Dataset extract:
....

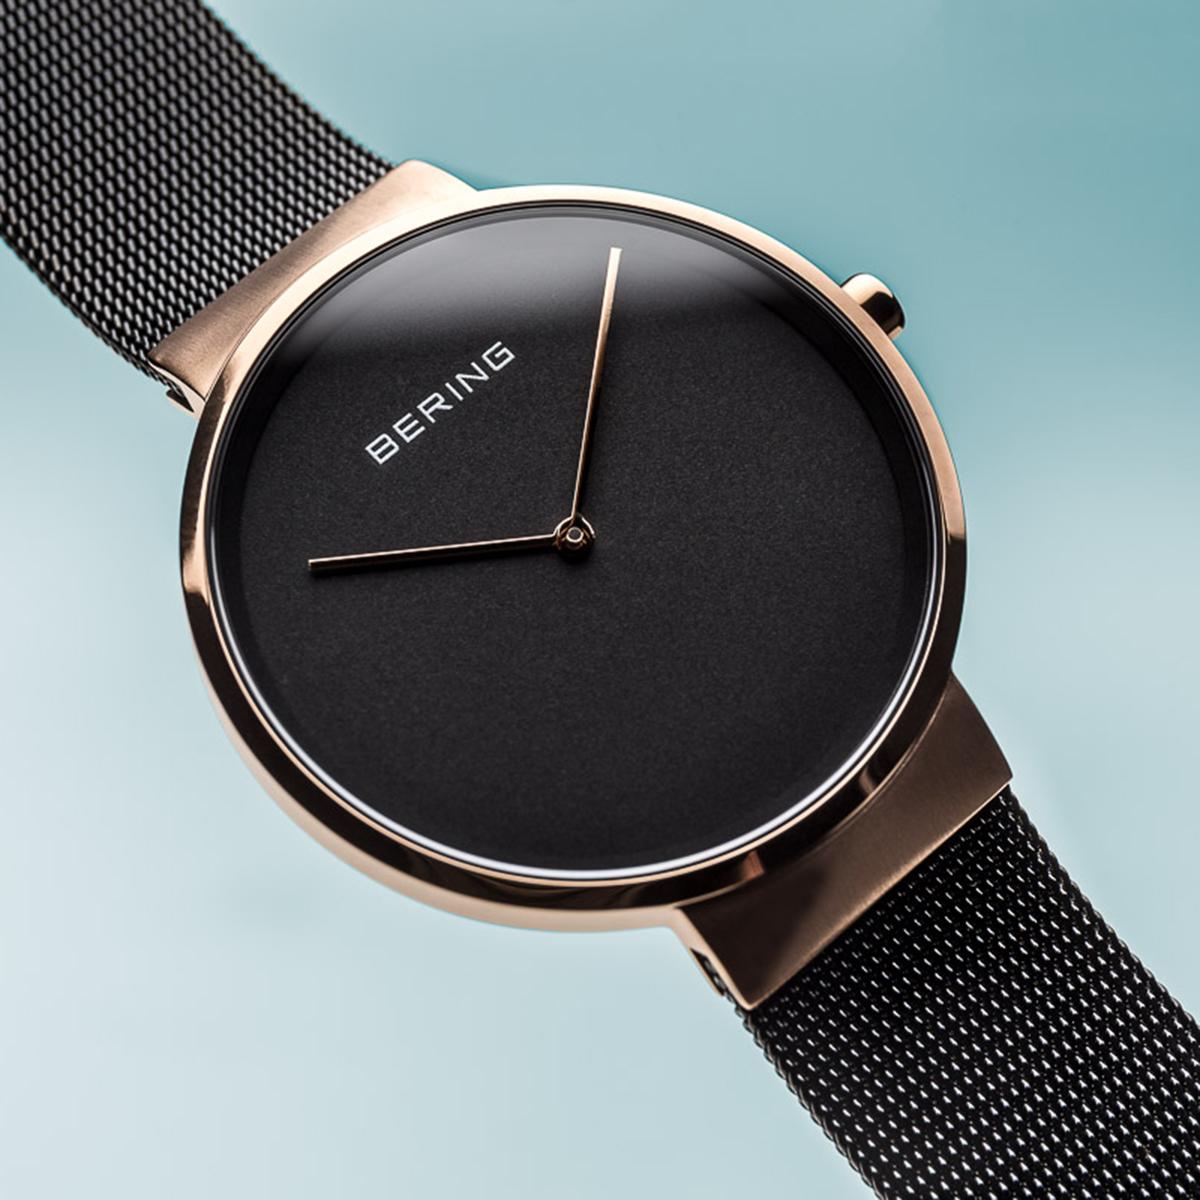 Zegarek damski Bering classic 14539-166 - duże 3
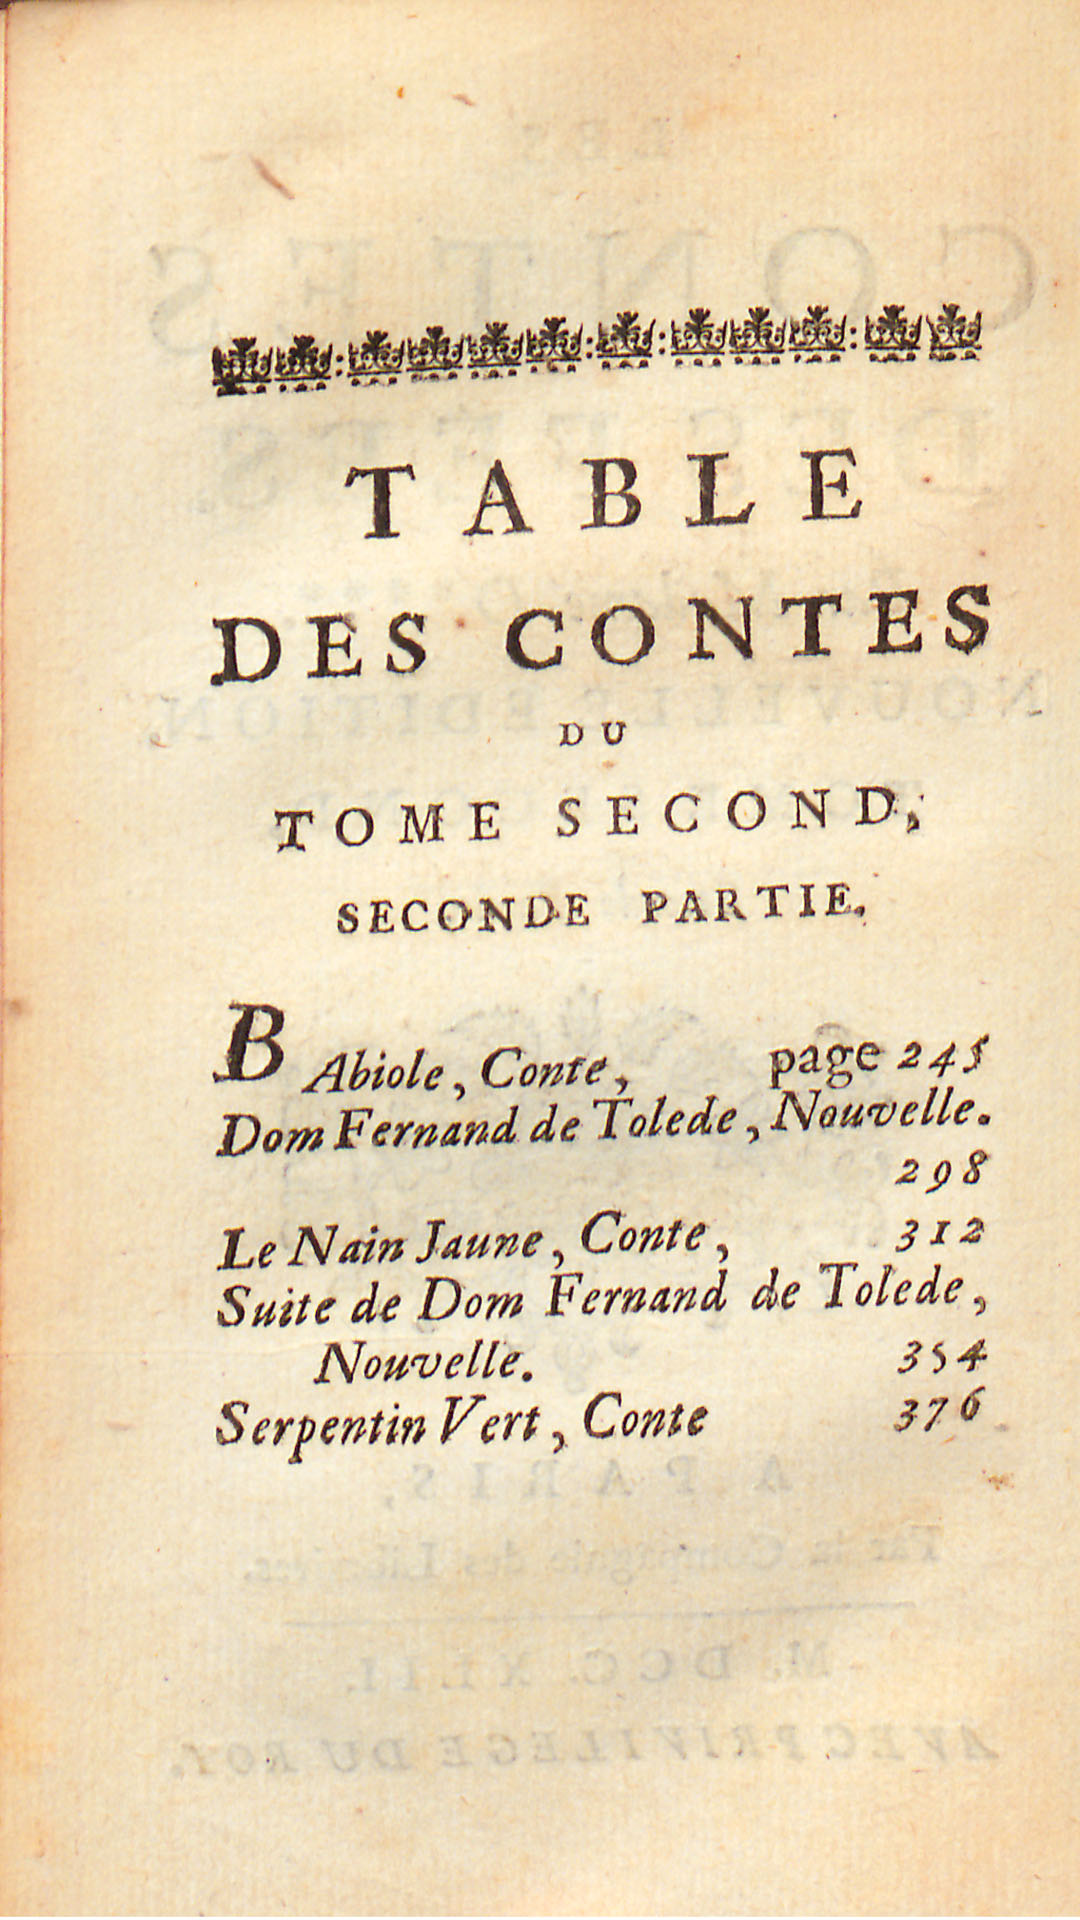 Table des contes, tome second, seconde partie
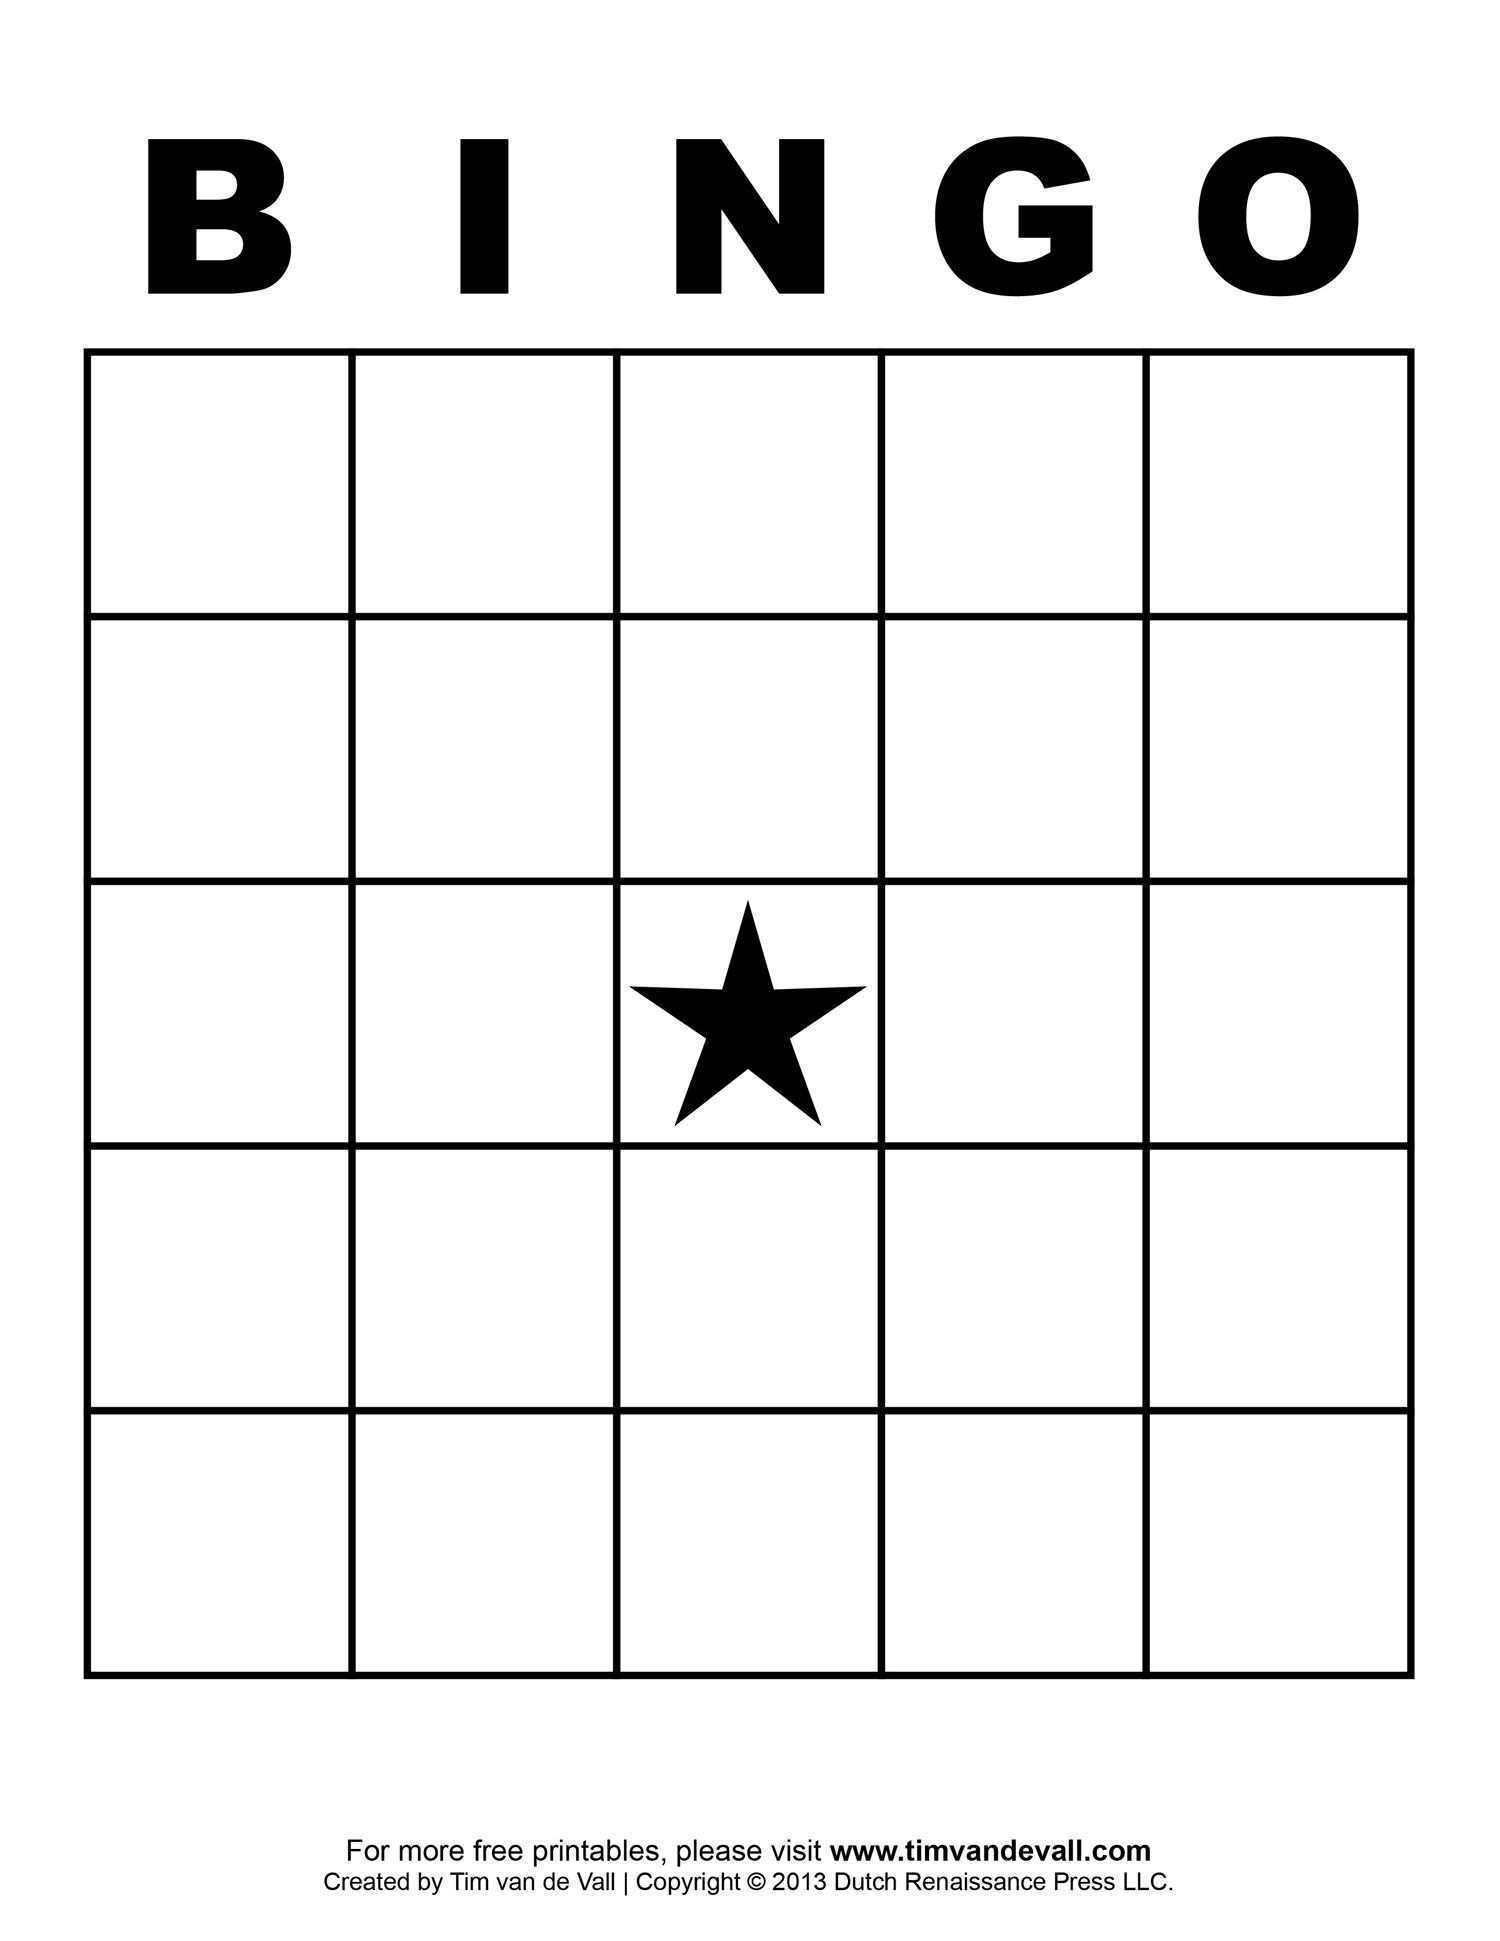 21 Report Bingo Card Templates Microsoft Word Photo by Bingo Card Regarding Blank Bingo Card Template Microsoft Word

....

Your instructions: The listing is to be repeated word for word, with all pictures omitted.

Task answer:
 Zegarek damski Bering classic 14539-166 - duże 3
 Table des contes, tome second, seconde partie
 21 Report Bingo Card Templates Microsoft Word Photo by Bingo Card Regarding Blank Bingo Card Template Microsoft Word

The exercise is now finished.